My lips parted immediately, offense rising before I could stop it. “That happened once,” I said, narrowing my eyes at him.
And then—despite myself—I smiled.
“I’ll try,” I added. “But no promises.”
The smallest hint of laughter touched his expression in return.
Then he stepped back.
Once.
Then again.
The distance between us returned slowly, as if neither of us wanted to break it too quickly.
I turned first.
Because staying would have meant something else entirely.
The road stretched ahead, clear and certain beneath my feet. I had taken only a few steps when something pulled at me—something I didn’t question, didn’t resist.
I did not turn back. But I knew. He was still there.
At the edge of the forest, where the shadows held and the mist lingered faintly behind him. He wasn’t calling me back.
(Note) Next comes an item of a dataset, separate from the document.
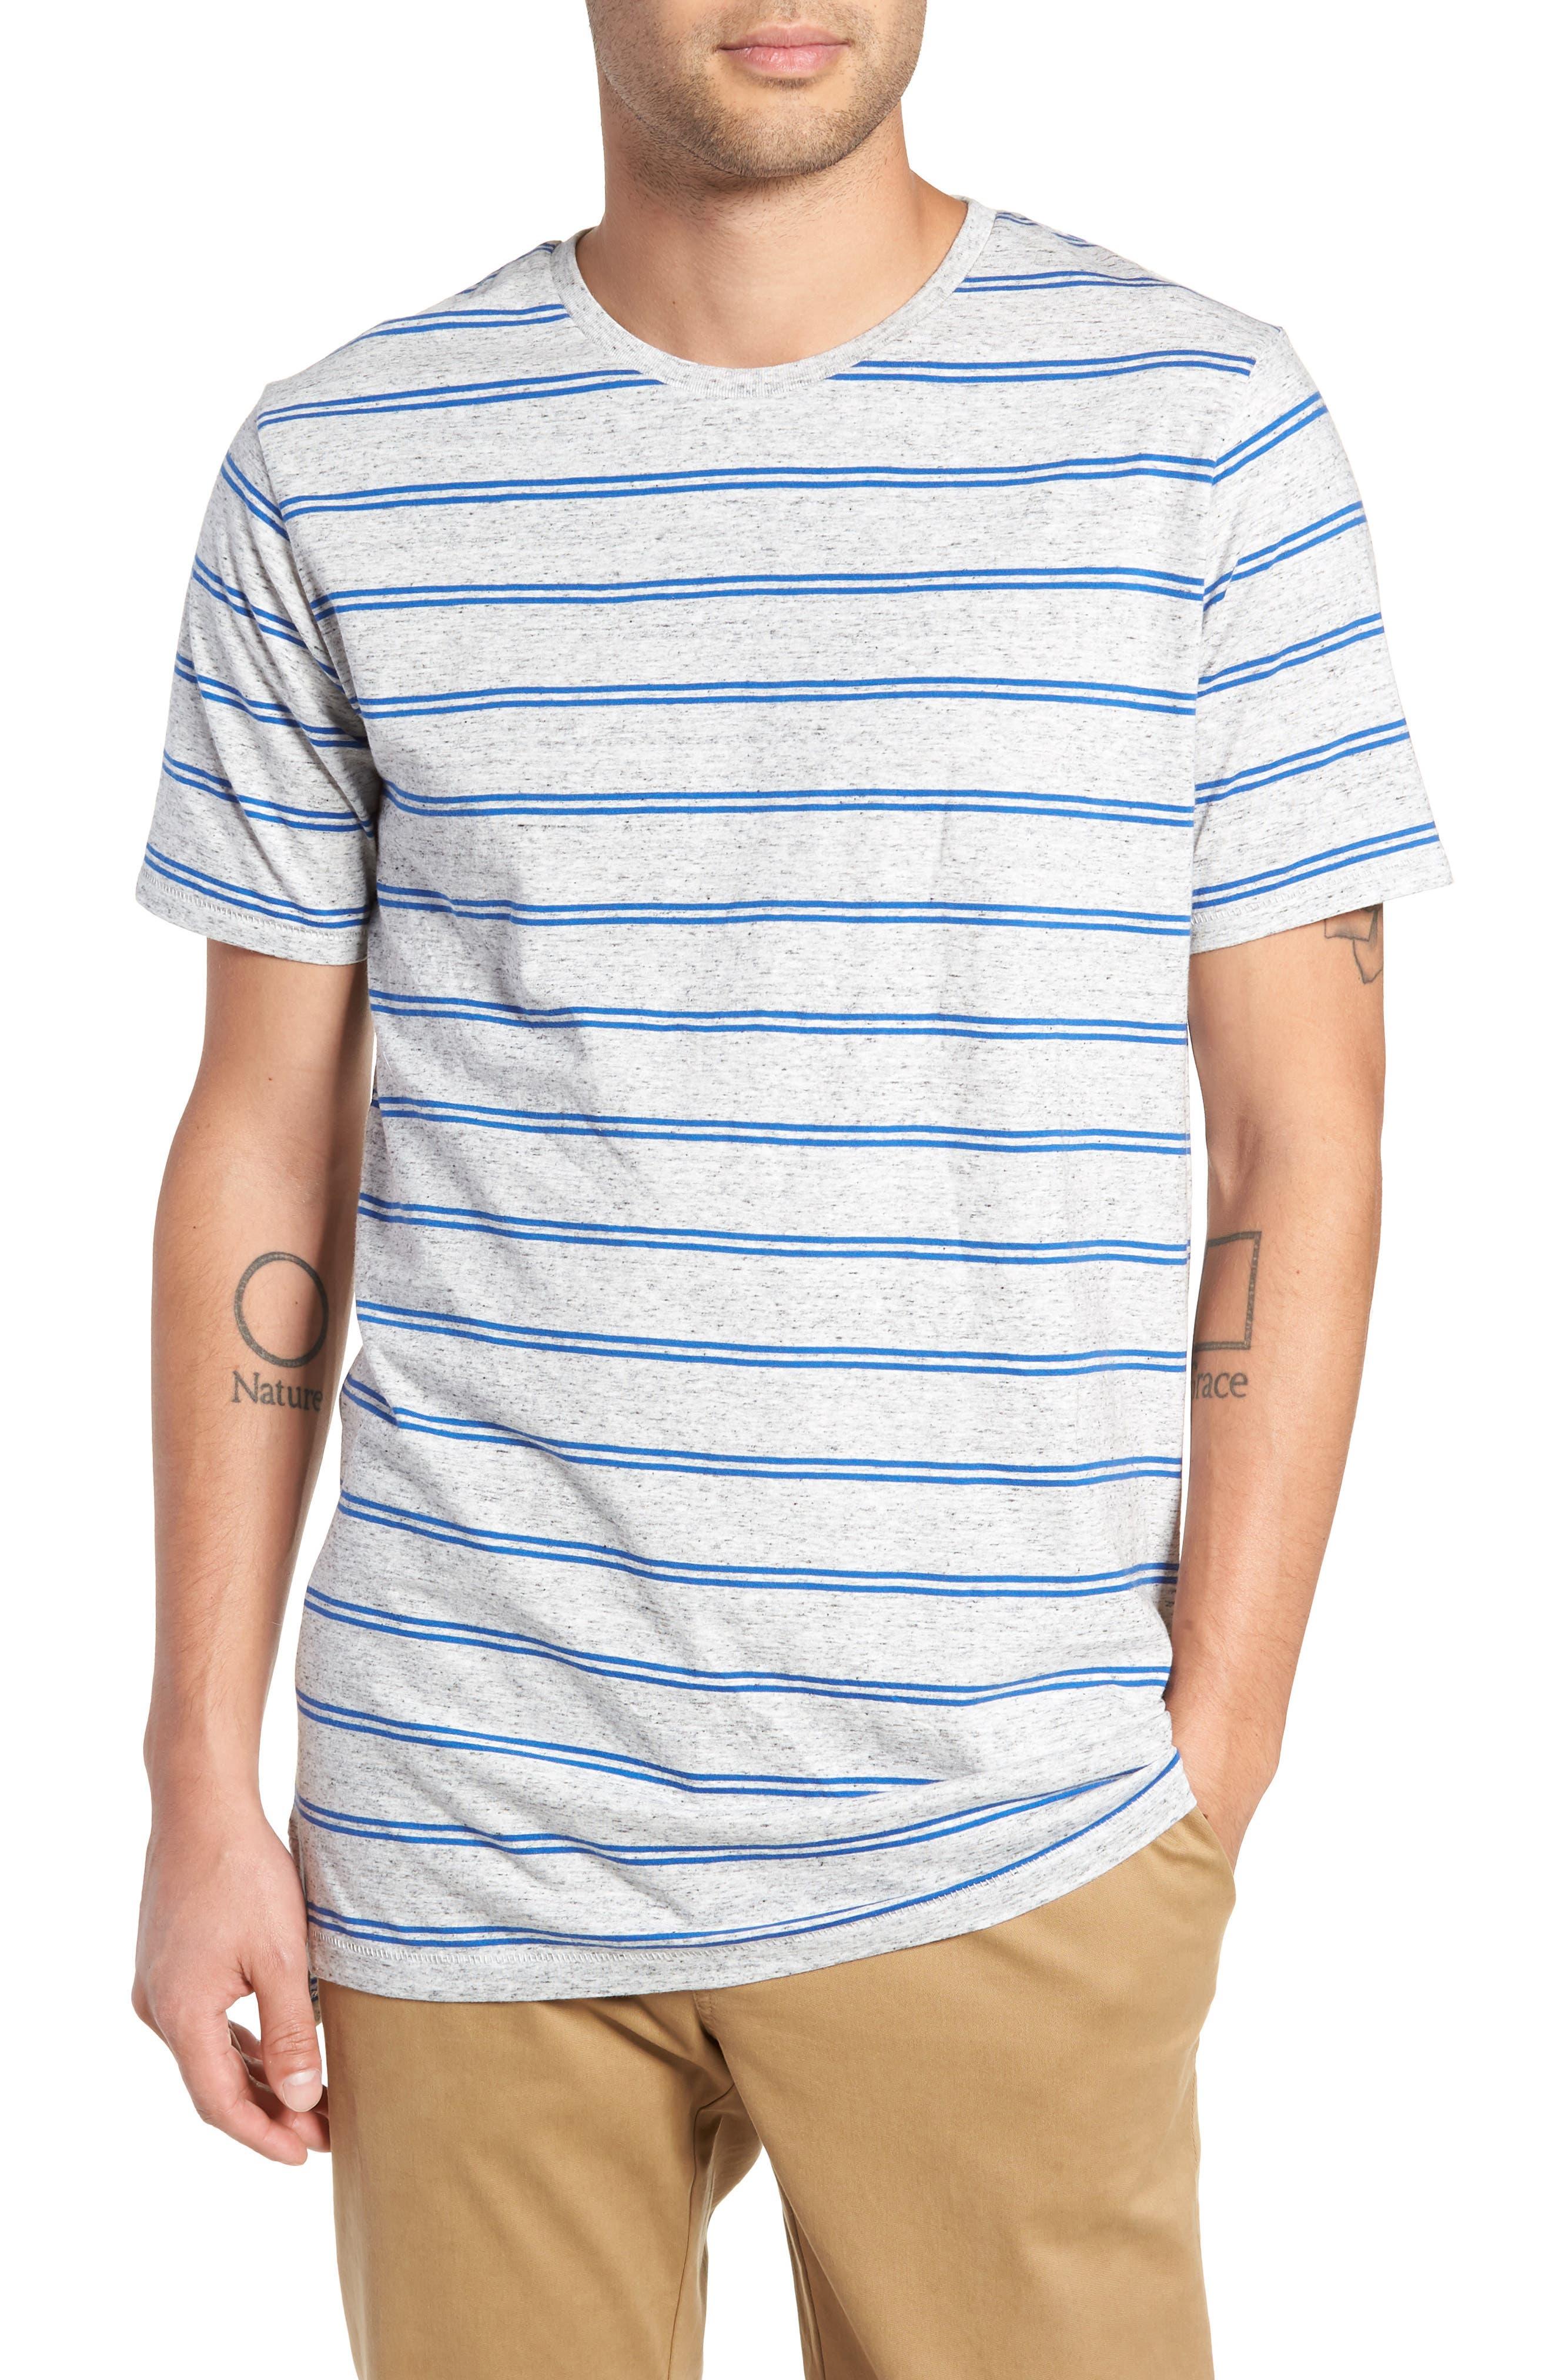 Flintlock T-Shirt,                         Main,                         color, STORM MARLE/ COBALT

Wasn’t moving toward me.
Just watching.
Quietly.
As if making sure I was truly safe.
As if the moment needed to last a second longer.
I didn’t look back despite the fact I wanted to. Because if I did, I didn’t know … was he still there, still waiting. If I turned, would he say something.
The jungle faded behind me with each step, its sounds softening, its presence loosening its hold.
But one thing remained. Unwanted. Uninvited. And impossible to ignore.
For a stranger— he had become dangerously unforgettable.